Yesterday I was ironically on my way to a job interview with a digital and print media organisation in Melbourne, when I heard the news that Fairfax had announced its plans to cut 1,900 jobs across their boards in a massive reconstructive attempt.
My instant reaction was a cringe.
Ever since I can remember holding a pen to my hand, I have thought of myself to one day be a successful journalist in a striving news community in the city. Perhaps I didn’t always see myself in the hard-news industry specifically, but I saw myself in the print news nonetheless. But yesterday’s news made me want to weep in my room for humanity, and had myself drastically fearing that perhaps I will one day wake to the world full of robots and automatons, in a land where the human brain is non-exististent.
‘The Age’ cuts 1,900 jobs to turn digital.
Indulging in a conversation with a friend on the matter last night, I was reminded by him that the Fairfax cuts are a part of the coming-of-age for the news industry; as technological-driven beings, we now expect to gain our knowledge and information in in our hands, when we want it. Who wants to walk down to the milk bar to buy a newspaper these days?
Well, actually, after hearing what I did on the train, that was exactly what I did. And I haven’t actually purchased a newspaper in hard-form in a long time. Goes without saying. I wept.

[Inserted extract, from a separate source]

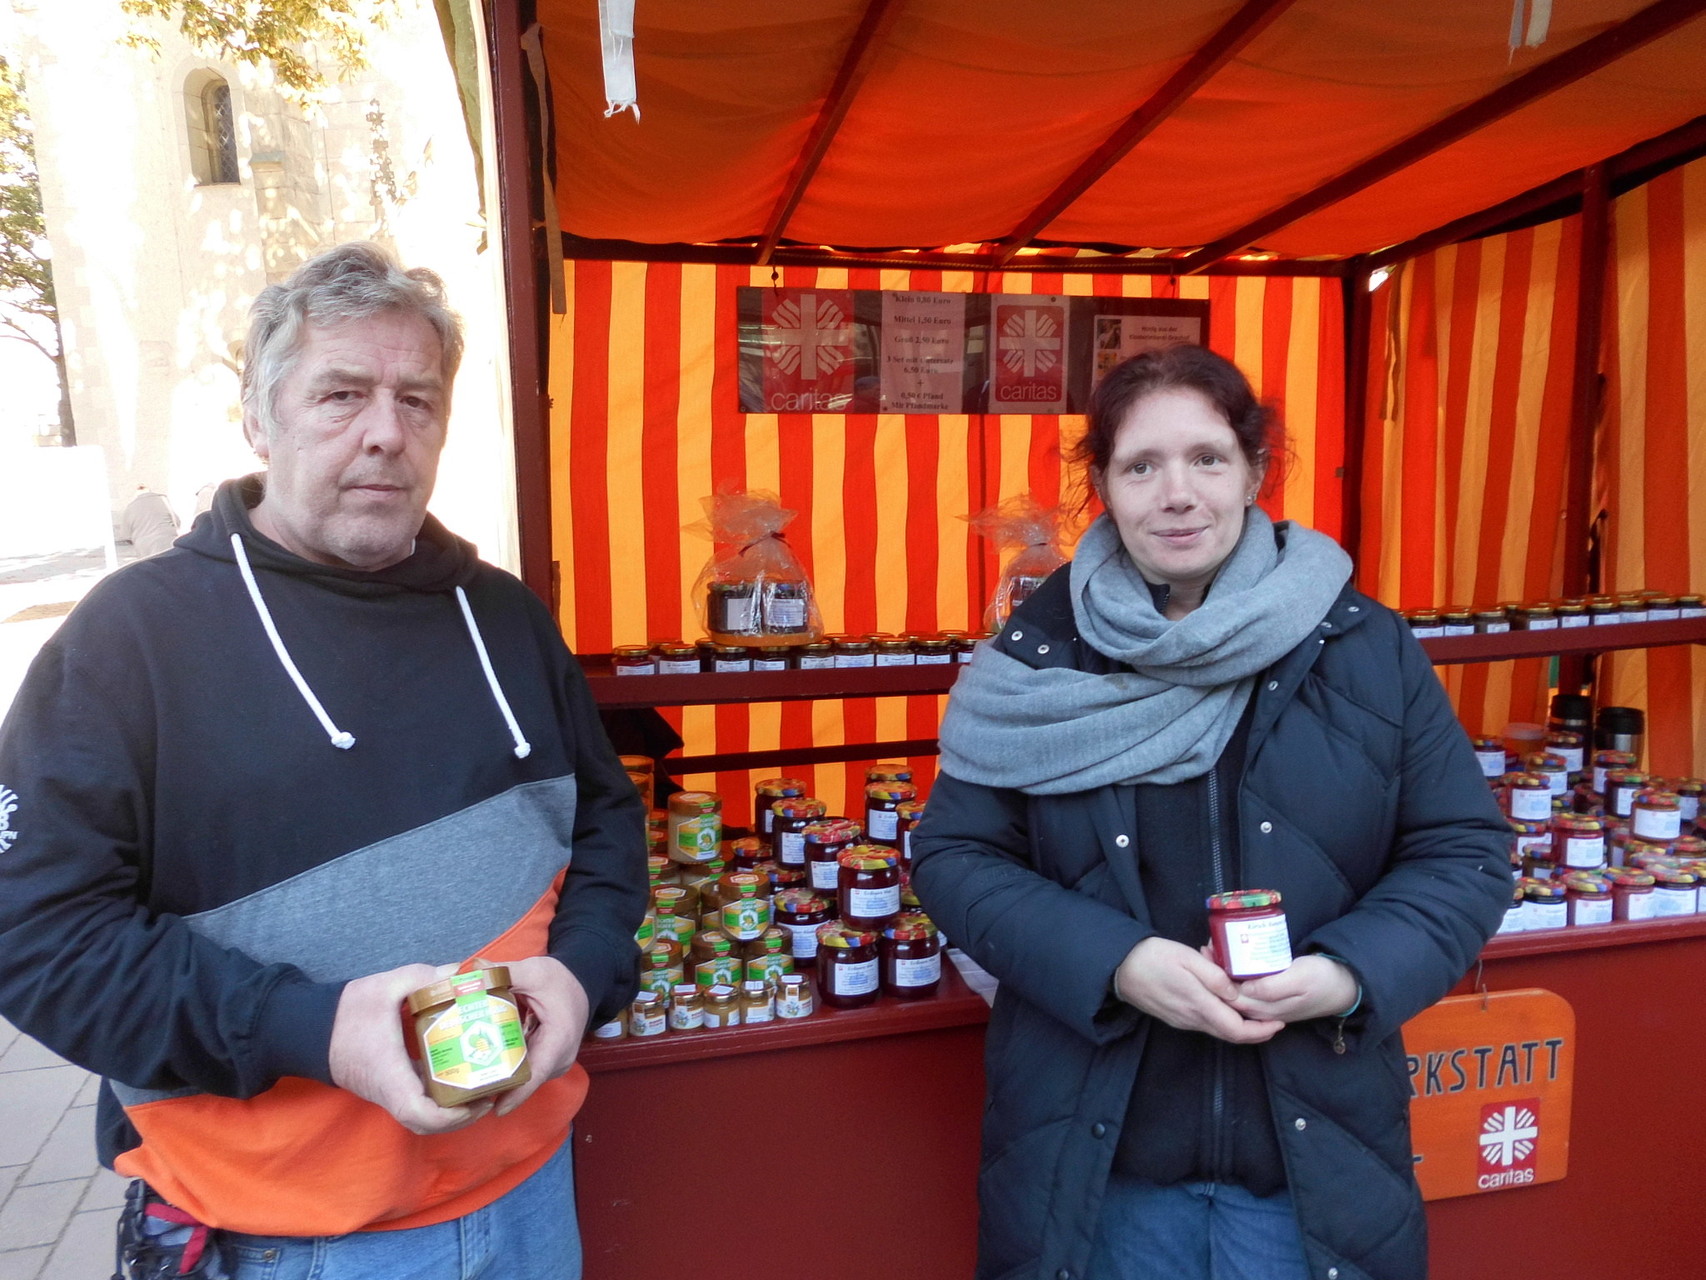 Wolfgang und Daniela betreuen den Verkaufsstand der Caritas Goslar

It’s no doubt that the news and media industry is transforming itself into web-based giants that feed of the revenue of pay-by-click and Google search rankings, but what is more sad is the fact that those who have the actual talent to produce proper printed work, will no longer have a job for their talents at all.

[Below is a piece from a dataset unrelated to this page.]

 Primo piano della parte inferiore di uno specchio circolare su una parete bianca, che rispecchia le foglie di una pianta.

Instead, Fairfax has announced its reconstruction to take on the tabloid category and face bringing the “trash” over the hard-hitting facts. Let’s face it, if the screen in front of you offered two articles, one on the closing of hospital beds, and one on Fergie having bladder problems on stage again, I can guarantee that the Black Eyed Peas pants-wetter will win it over.
And it’s sad. It’s really, really sad.
These days, the hard-news gets about as much attention as printed news itself. As a passionate writer for print media, I have longed to see myself published in something that I can hold in my hand, and not have to stare at on a glare-filled screen. Unfortunately, though, the terms of that happening have altered drastically.
I have been forced to embrace it, and not just by the means of this blog. My jobs now consist of digital media publications and that’s fine with me…provided print news still exists. But I fear in five years time, I may actually be visiting the funeral of the National dailies (Fairfax, News Limited etc.) and I will weep for them.
An article in today’s edition of The Age (of course online), blames consumers for the 1,900 job losses and media facelift.
“The media isn’t failing because it’s not giving people what they want. We know exactly what you want, even if you don’t care to admit it. Worthy but dull reporting of landmark health legislation? Not so much. Upskirt shots of Lindsay Lohan spilling out of a limo at The Viper Room? Not just yes, but hell yes!” – John Birmingham, The Age
It’s true. Completely true. The quality of news is less expected these days, if it guarantees that disturbing images of celebrity drunken antics will be plastered over the screens, whilst people drink their coffees and amuse themselves on the train.
Just before I heard the news yesterday, I looked around the cabin of the train and observed the commuters around me; iPads, iPhones, smartphones, laptops, MacBooks and hands-free devices. None of them a newspaper. I cringe again.
It is the new Age and I’m being forced to embrace it, but as I hover my mouse over the ‘publish’ button right now, I look to the copy of The Age next to me on my desk…am I looking at one of the last?